Data extracted from a collection:

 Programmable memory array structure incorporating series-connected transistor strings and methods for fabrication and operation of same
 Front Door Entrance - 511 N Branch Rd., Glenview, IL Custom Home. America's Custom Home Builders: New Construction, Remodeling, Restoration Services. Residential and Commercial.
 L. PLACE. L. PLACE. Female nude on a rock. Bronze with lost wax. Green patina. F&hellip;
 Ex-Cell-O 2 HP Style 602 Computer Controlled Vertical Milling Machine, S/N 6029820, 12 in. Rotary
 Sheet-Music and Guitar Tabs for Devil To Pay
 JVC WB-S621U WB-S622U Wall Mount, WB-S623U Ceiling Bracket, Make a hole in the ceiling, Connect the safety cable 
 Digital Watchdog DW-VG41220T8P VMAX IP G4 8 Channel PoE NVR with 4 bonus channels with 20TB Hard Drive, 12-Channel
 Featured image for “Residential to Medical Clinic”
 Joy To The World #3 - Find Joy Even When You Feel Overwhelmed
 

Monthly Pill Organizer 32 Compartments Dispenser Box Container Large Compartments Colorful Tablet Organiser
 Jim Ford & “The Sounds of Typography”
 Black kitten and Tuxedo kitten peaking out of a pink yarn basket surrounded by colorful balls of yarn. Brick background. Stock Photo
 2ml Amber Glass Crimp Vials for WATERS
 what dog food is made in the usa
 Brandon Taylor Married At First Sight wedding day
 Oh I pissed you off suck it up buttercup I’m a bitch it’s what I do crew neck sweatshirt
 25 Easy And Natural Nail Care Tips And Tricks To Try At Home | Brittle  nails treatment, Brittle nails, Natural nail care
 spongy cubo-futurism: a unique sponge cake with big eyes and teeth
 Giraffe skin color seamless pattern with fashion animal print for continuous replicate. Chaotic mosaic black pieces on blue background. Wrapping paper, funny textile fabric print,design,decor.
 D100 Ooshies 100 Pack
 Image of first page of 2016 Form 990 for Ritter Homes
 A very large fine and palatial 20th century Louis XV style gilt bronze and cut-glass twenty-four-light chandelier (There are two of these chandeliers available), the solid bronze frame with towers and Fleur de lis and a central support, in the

Task:
Return only the lines running from the line with "Brandon Taylor Married" to the last line of the records, both included, exactly as written.

Response below:
 Brandon Taylor Married At First Sight wedding day
 Oh I pissed you off suck it up buttercup I’m a bitch it’s what I do crew neck sweatshirt
 25 Easy And Natural Nail Care Tips And Tricks To Try At Home | Brittle  nails treatment, Brittle nails, Natural nail care
 spongy cubo-futurism: a unique sponge cake with big eyes and teeth
 Giraffe skin color seamless pattern with fashion animal print for continuous replicate. Chaotic mosaic black pieces on blue background. Wrapping paper, funny textile fabric print,design,decor.
 D100 Ooshies 100 Pack
 Image of first page of 2016 Form 990 for Ritter Homes
 A very large fine and palatial 20th century Louis XV style gilt bronze and cut-glass twenty-four-light chandelier (There are two of these chandeliers available), the solid bronze frame with towers and Fleur de lis and a central support, in the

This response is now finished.